In an open-label, non-inferiority RCT of 122 preterm neonates with RDS, NDUOPAP and NCPAP had similar failure rates within 120 hours (18% vs 19.7%; p=0.817) and comparable morbidities and support durations, but surfactant use was lower with NDUOPAP.
Impact: Provides randomized evidence comparing two widely used non-invasive modalities in preterm RDS, highlighting potential resource savings with NDUOPAP.
Clinical Implications: NDUOPAP can be considered an alternative to NCPAP for preterm RDS with similar early failure rates; the reduced surfactant need may inform protocol and resource planning.
Key Findings
- Primary outcome: no significant difference in failure within 120 hours (NDUOPAP 18% vs NCPAP 19.7%; p=0.817).
- Secondary outcomes: similar rates of PDA, pneumothorax, IVH, sepsis, NEC, apnea, BPD, ROP, and mortality.
- Surfactant requirement was lower with NDUOPAP than NCPAP (p=0.018).
Methodological Strengths
- Randomized controlled design with clearly defined primary endpoint within 120 hours.
- Balanced groups with standardized neonatal outcomes reported.
Limitations
- Open-label design may introduce performance bias.

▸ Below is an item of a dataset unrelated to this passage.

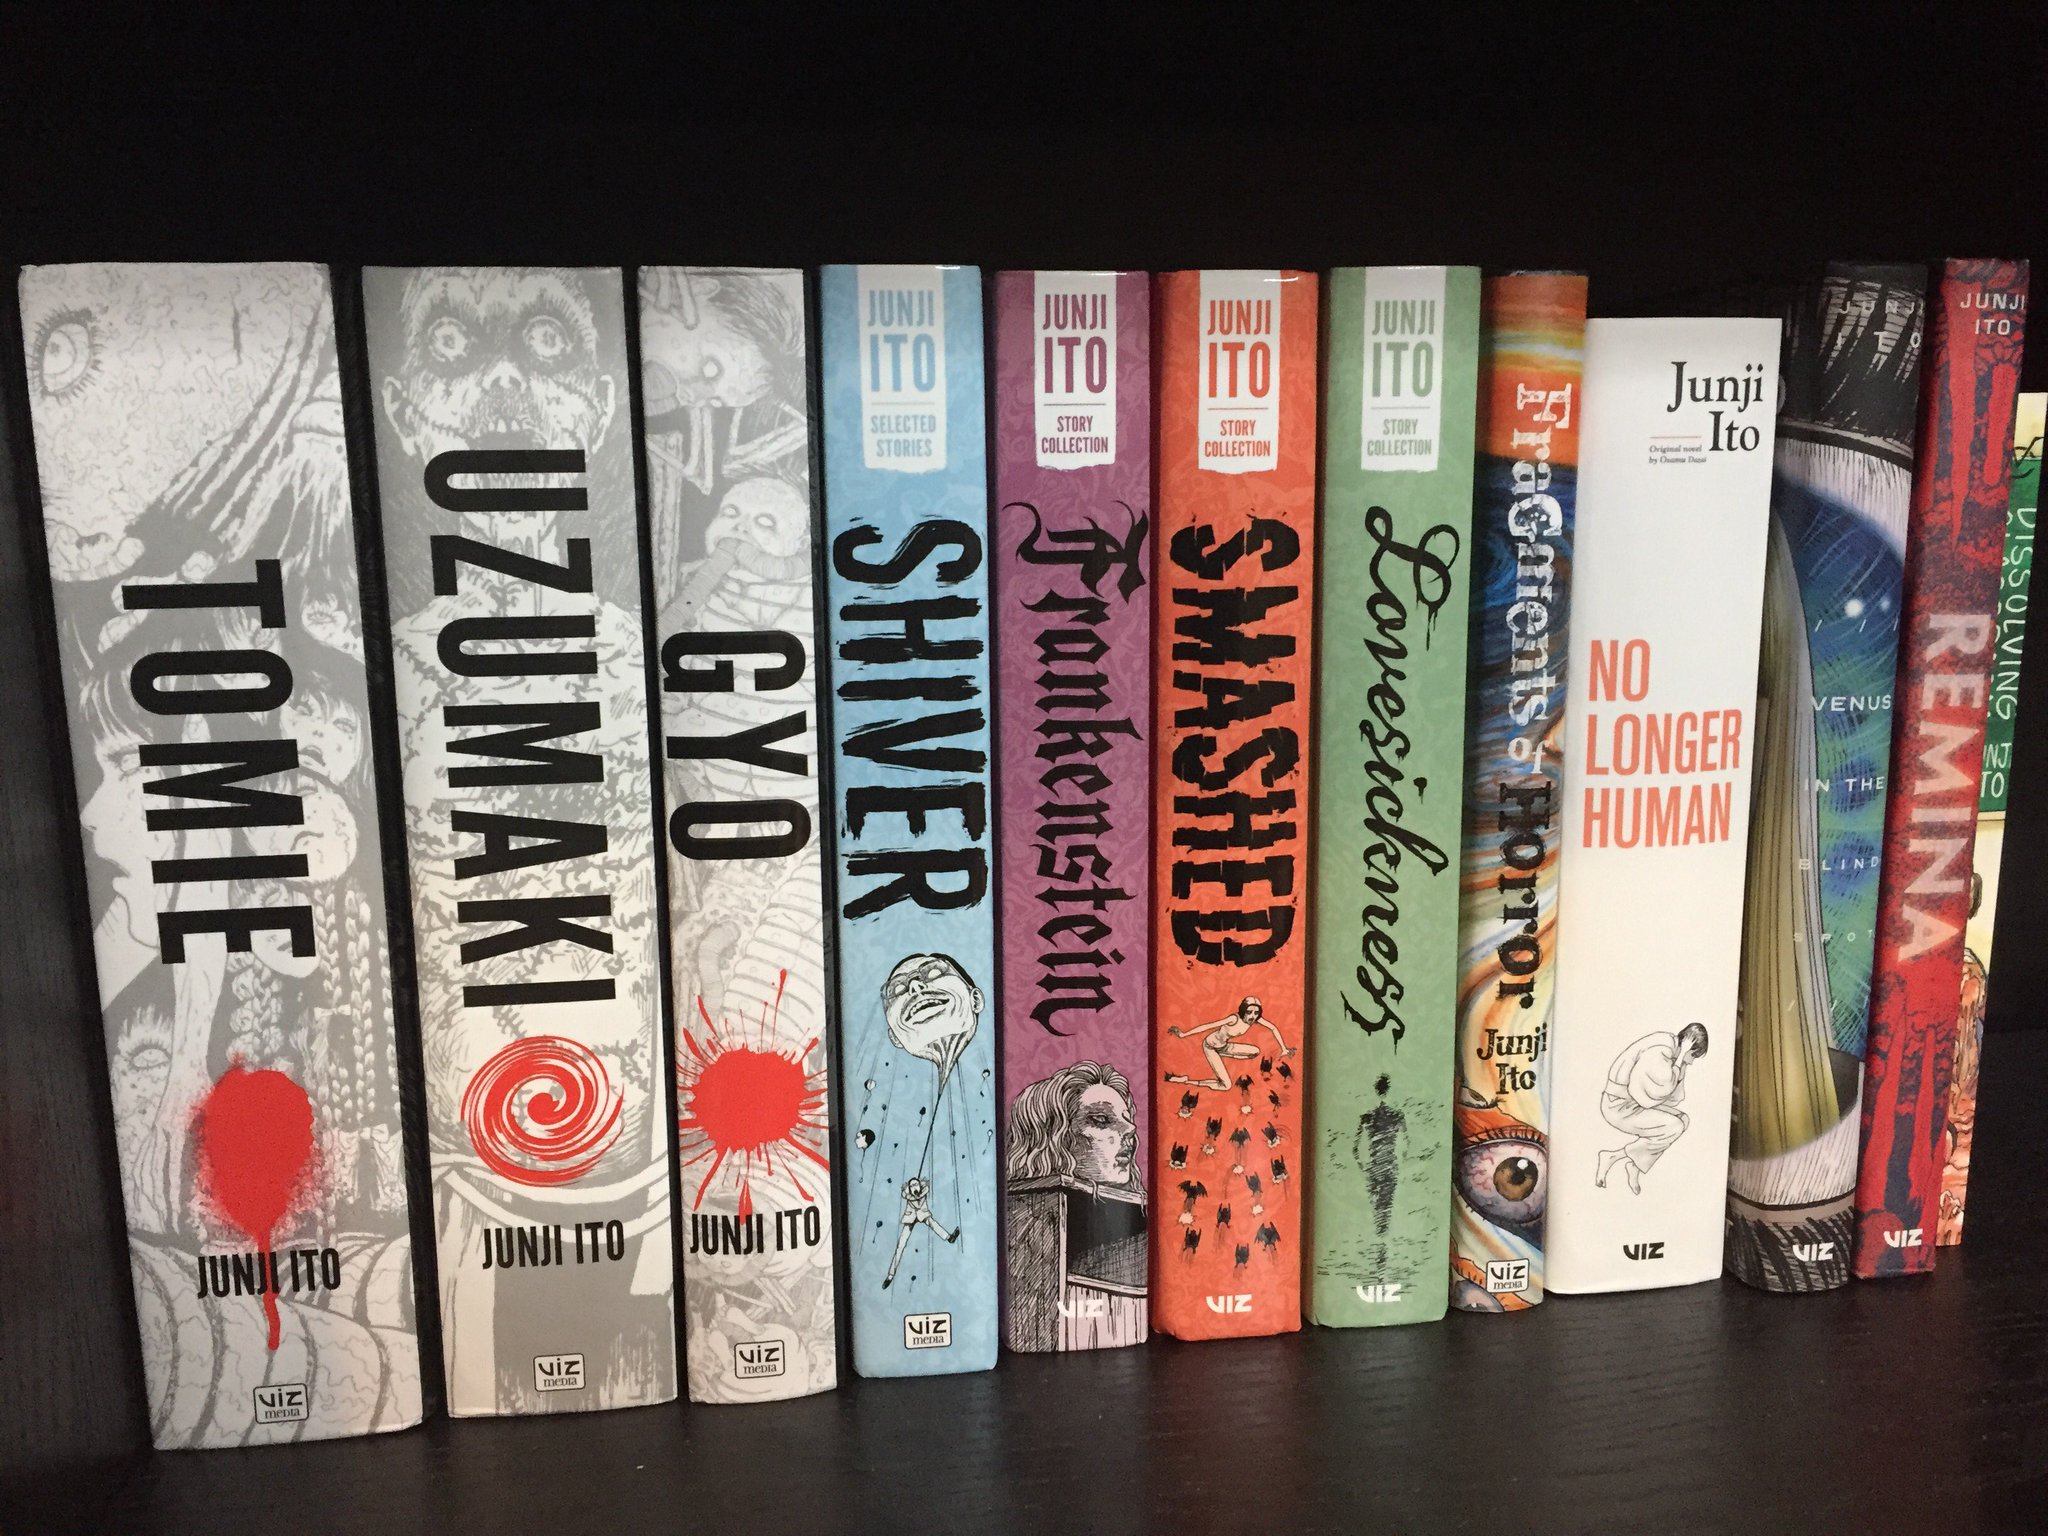 My junji ito collection for now,only lacking a few books from what

- Single-center setting and modest sample size limit generalizability and non-inferiority precision.
Future Directions: Conduct multicenter, blinded (where feasible) non-inferiority trials with cost-effectiveness and long-term neurodevelopmental outcomes.
BACKGROUND: There has been major shift in choice of respiratory support in preterm babies from invasive to non-invasive. There are various modes of non-invasive respiratory support. The comparative efficacy of one mode over another is an important research area. OBJECTIVE: To evaluate effectiveness of Nasal duo positive airway pressure (NDUOPAP) vs nasal continuous positive airway pressure (NCPAP) in reducing need of mechanical ventilation in preterms ≤35 weeks of gestation with respiratory distress syndrome. DESIGN: Open label, non-inferiority Randomized controlled trial. SUBJECTS: 122 Neonates with GA ≤ 35 weeks (61 in NDUOPAP and 61 in NCPAP) with RDS & Silverman Andersen score ≥ 4, admitted to NICU. PRIMARY OUTCOME: Failure of allocated modes within first 120 h after birth. RESULTS: There was no significant difference between NDUOPAP: 11(18 %) and NCPAP:12(19.7 %) in treatment failure at the first 120 h of birth (p = 0.817). The morbidities including Patent Ductus Arteriosus, Pneumothorax, Intraventricular Hemorrhage, Sepsis, Necrotizing Enterocoilitis, Apnea of prematurity, Bronchopulmonary Dysplasia, Retinopathy of prematurity & mortality were similar between the two groups. The duration of non-invasive respiratory support, mechanical ventilation, oxygen therapy were also not significantly different. However the need for surfactant was lower in the NDUOPAP group when compared to NCPAP (p = 0.018). CONCLUSIONS: NDUOPAP compared to NCPAP did not reduce the need for mechanical ventilation during the first 120 h of birth in preterms with RDS.